= Beginning of Section =
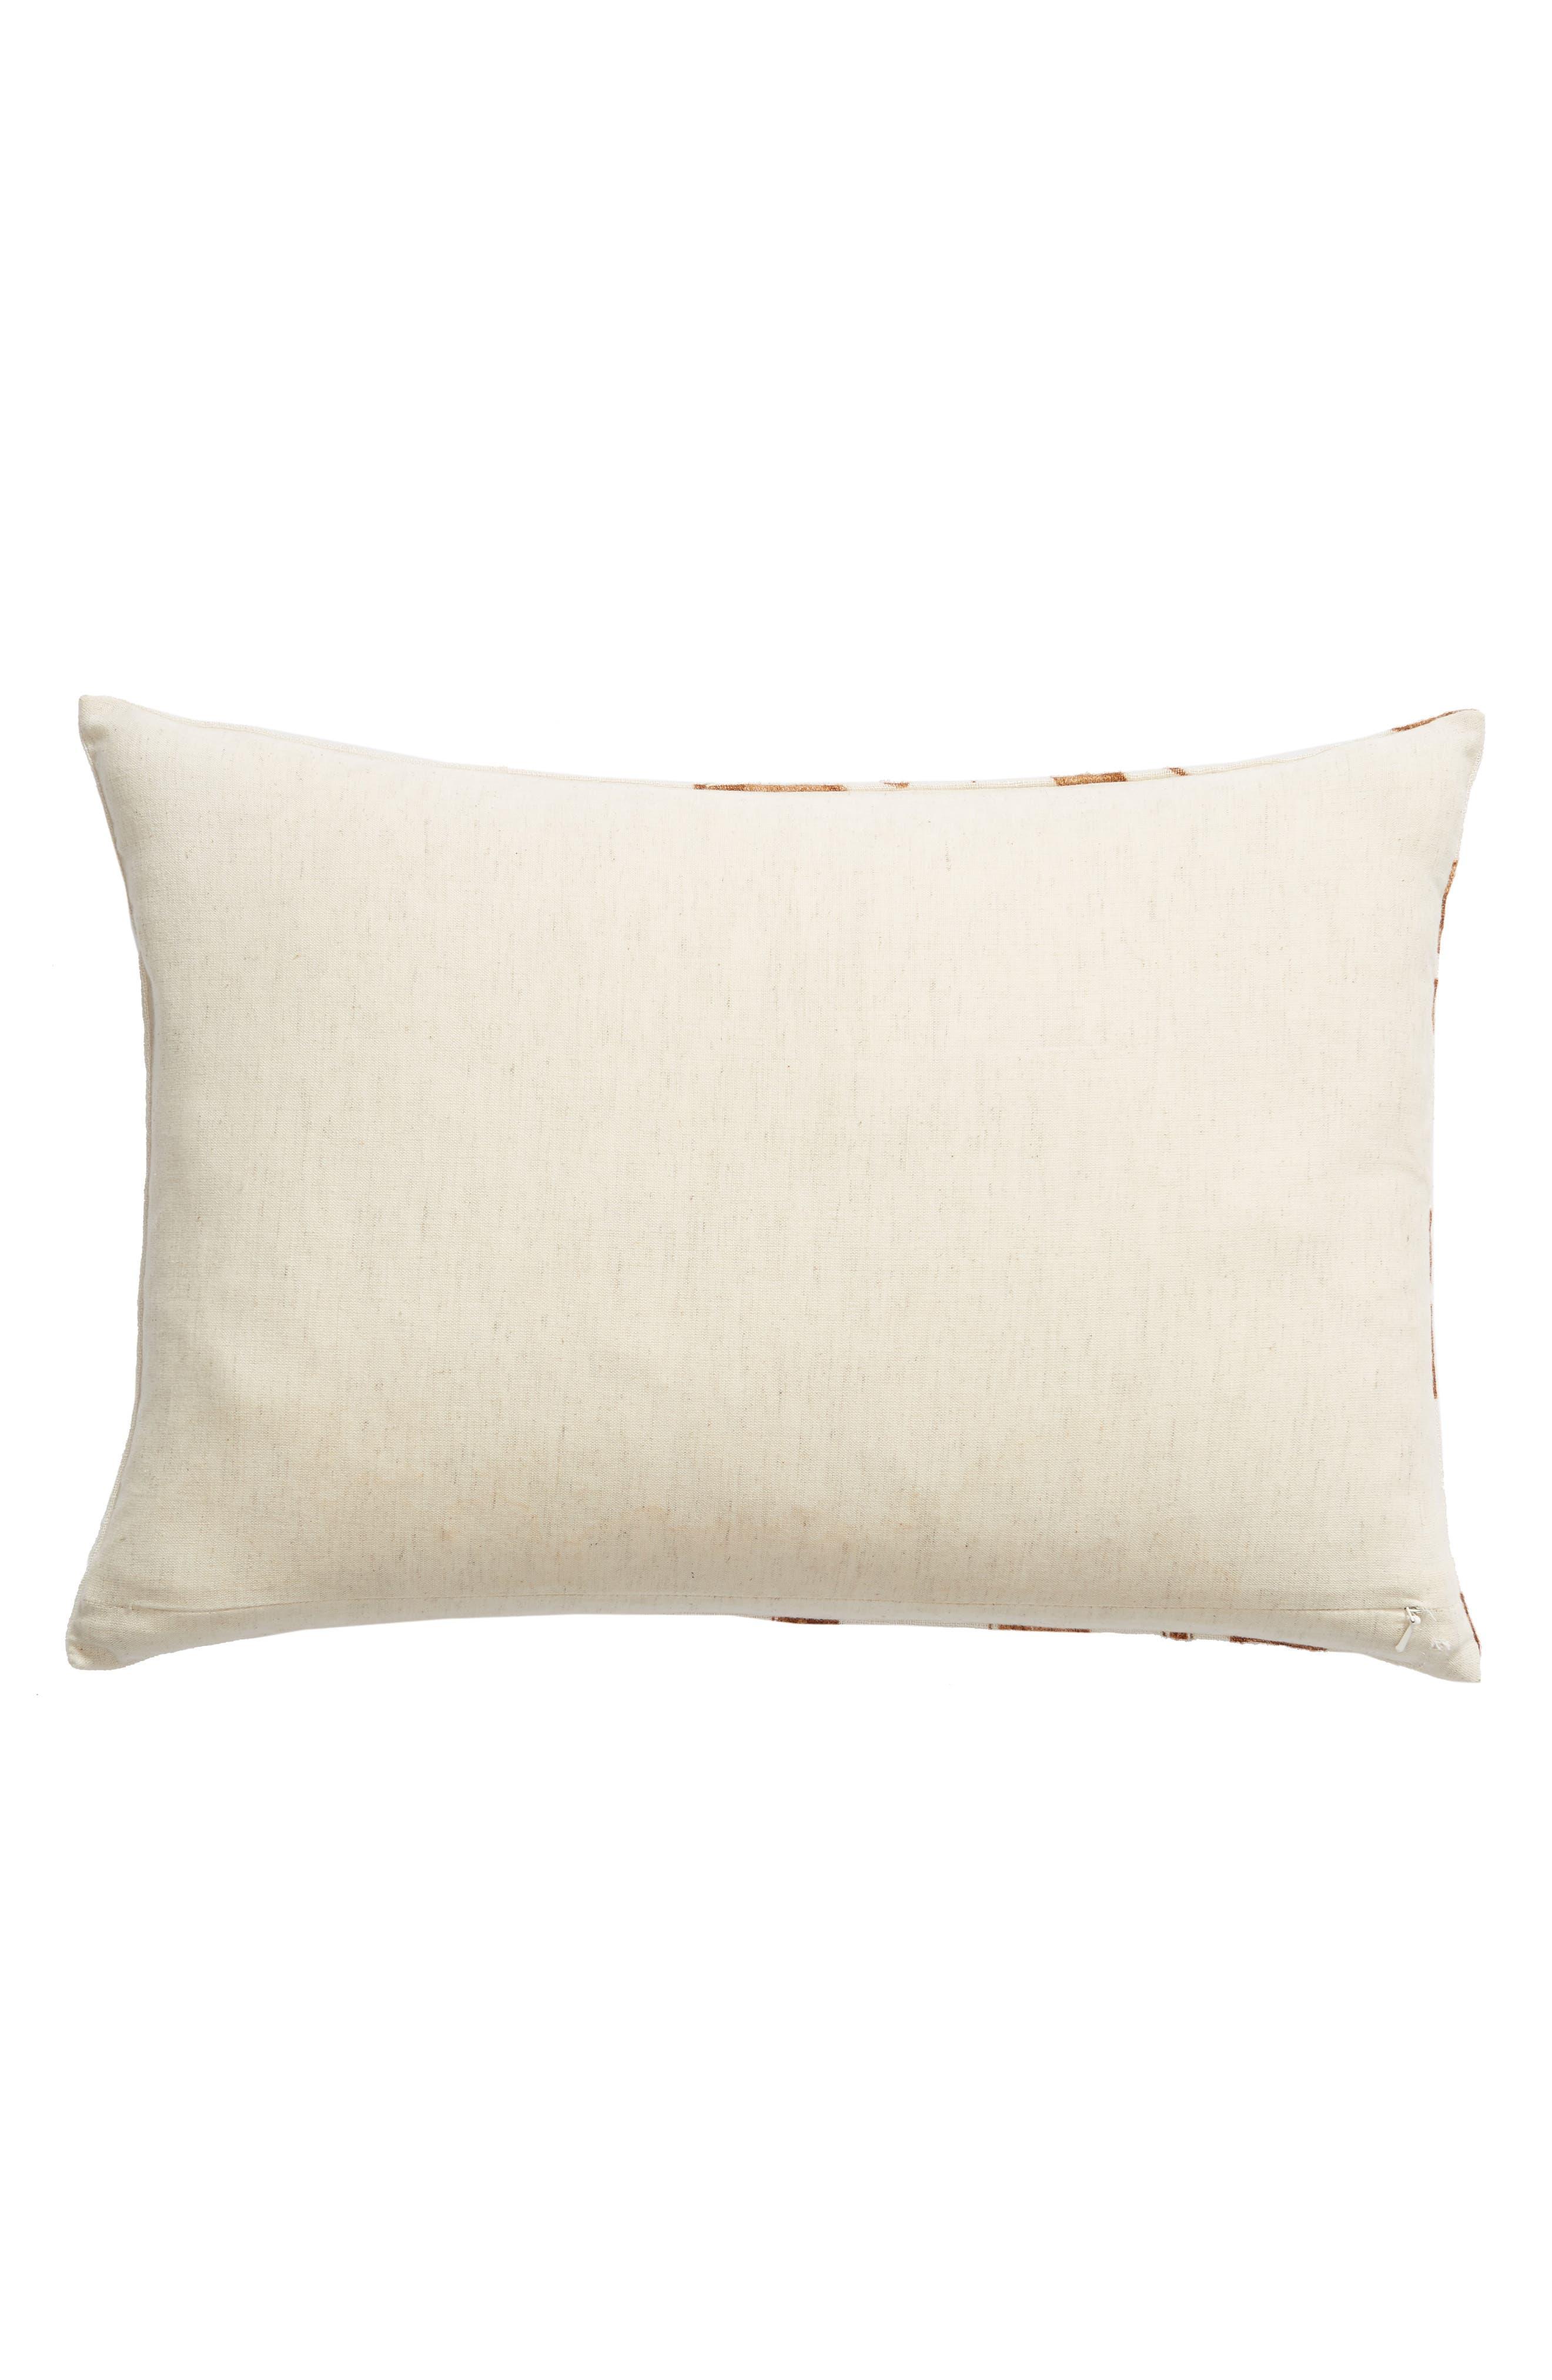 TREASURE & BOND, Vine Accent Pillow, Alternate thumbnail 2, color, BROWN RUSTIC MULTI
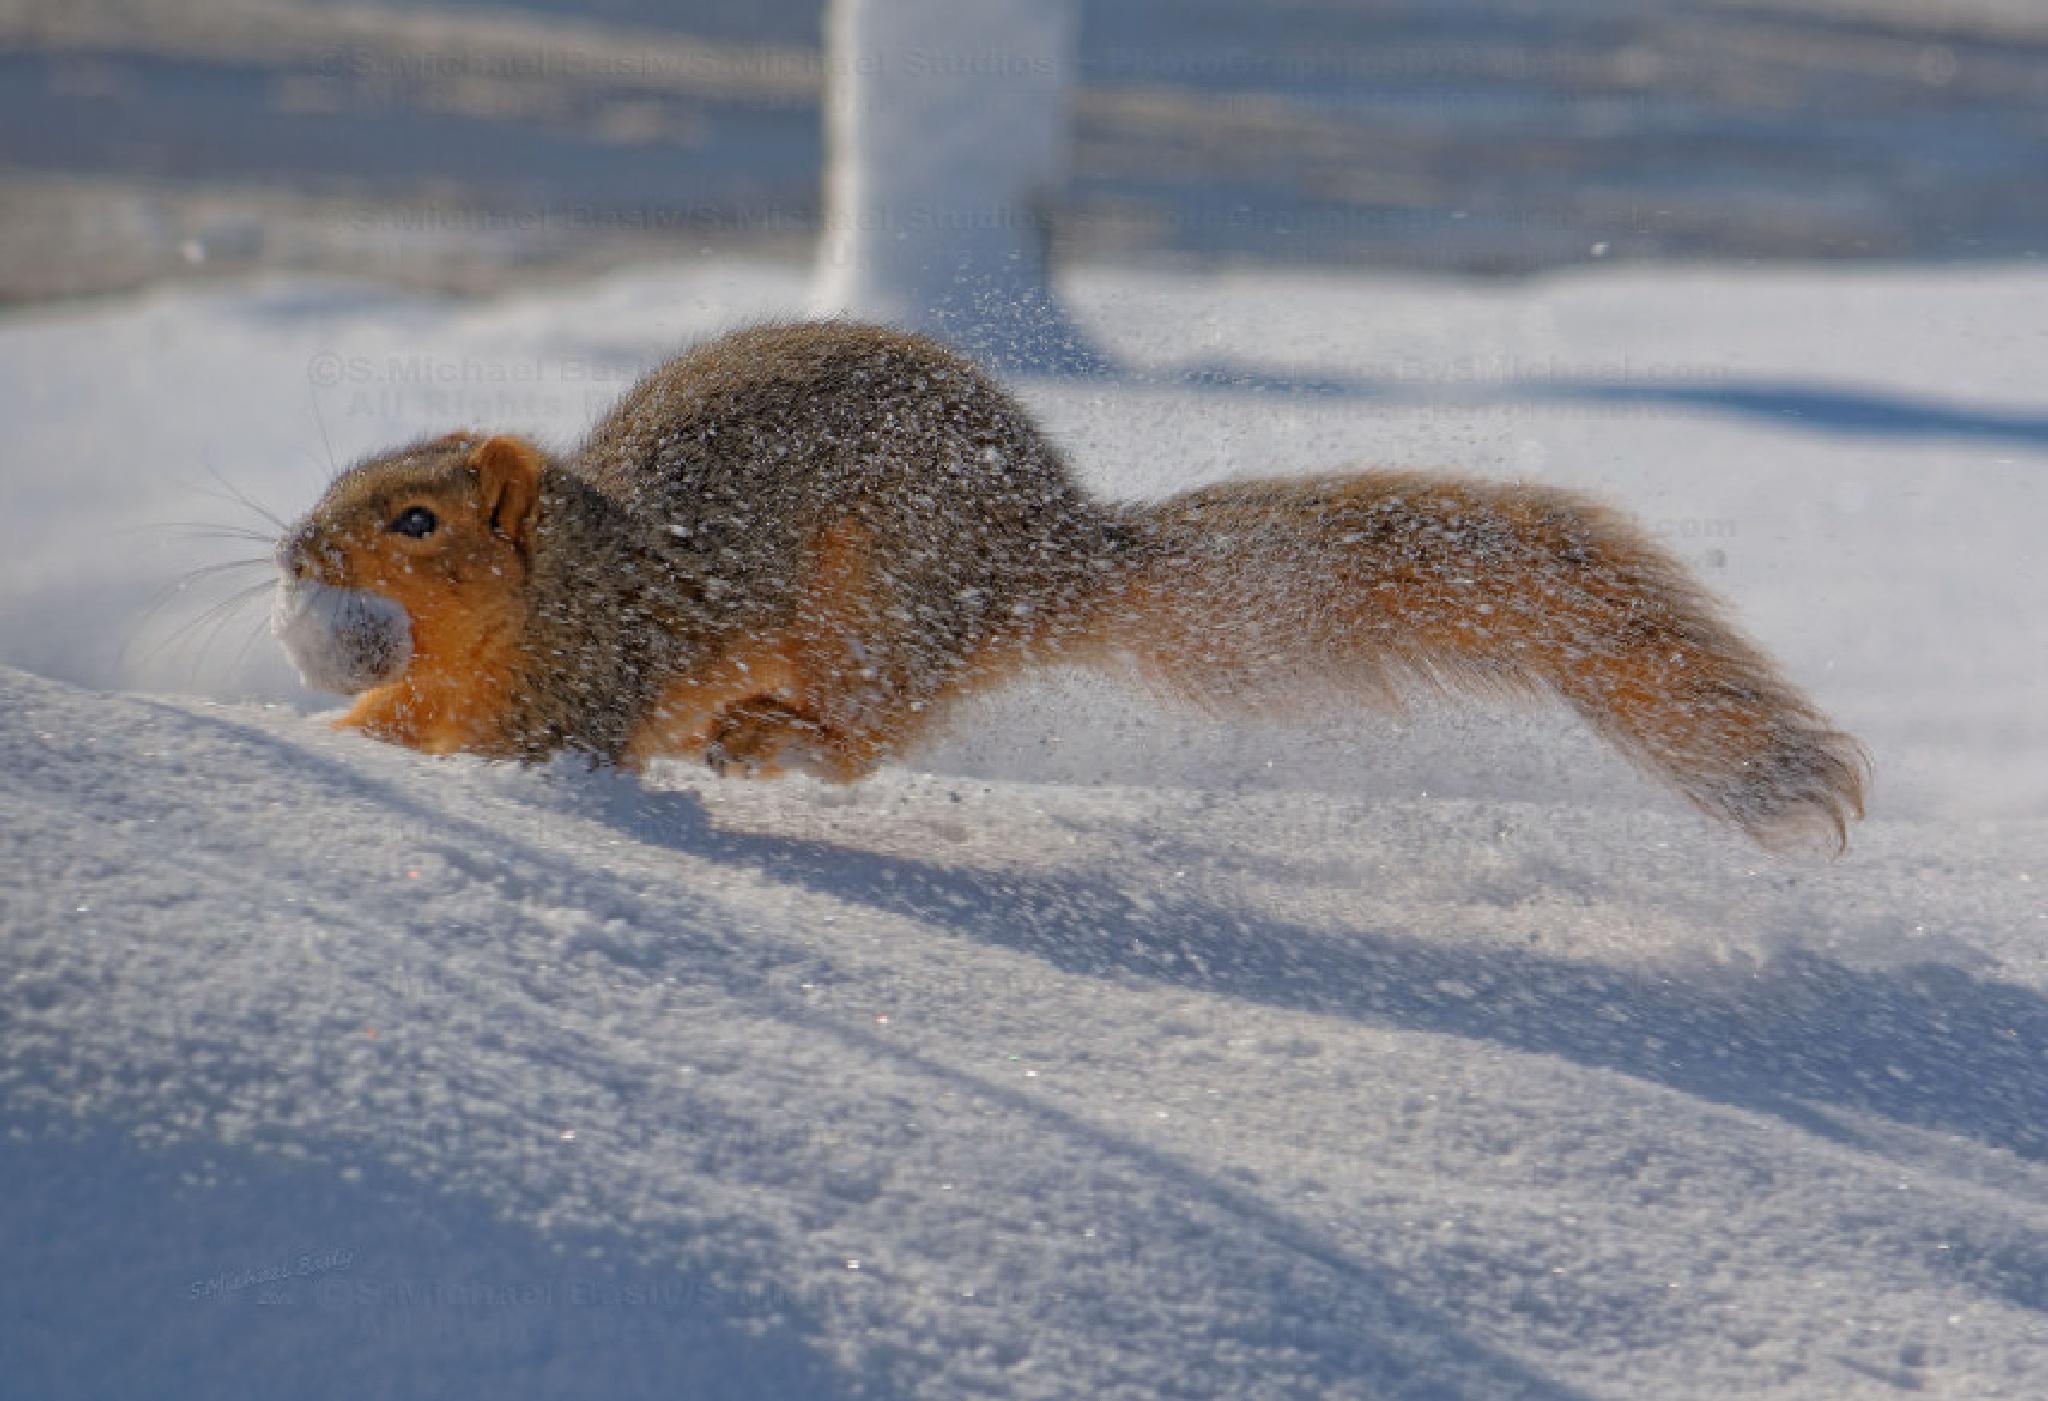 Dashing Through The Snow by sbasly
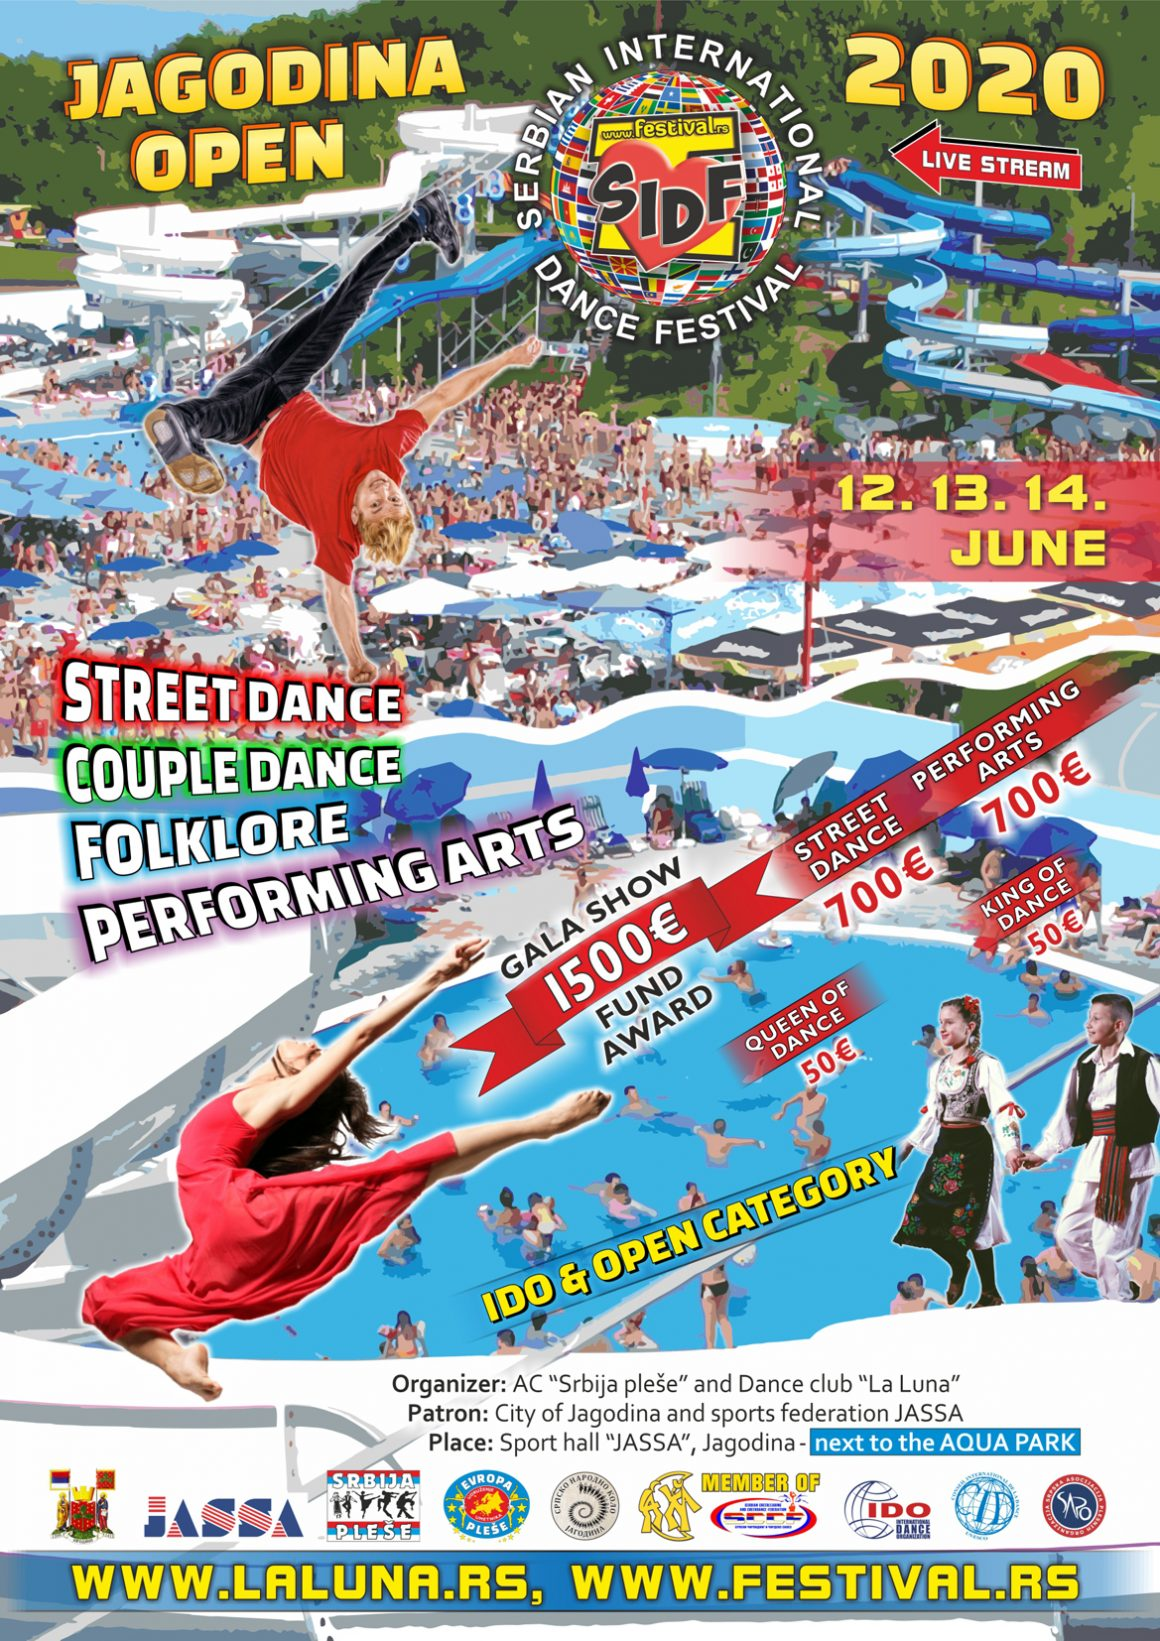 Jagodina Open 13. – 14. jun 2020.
= End of Section =
[Task prompt]: Where pictures occur in the material above, omit them and return everything else exactly.

[Solution to the exercise]:
 TREASURE & BOND, Vine Accent Pillow, Alternate thumbnail 2, color, BROWN RUSTIC MULTI
 Dashing Through The Snow by sbasly
 Jagodina Open 13. – 14. jun 2020.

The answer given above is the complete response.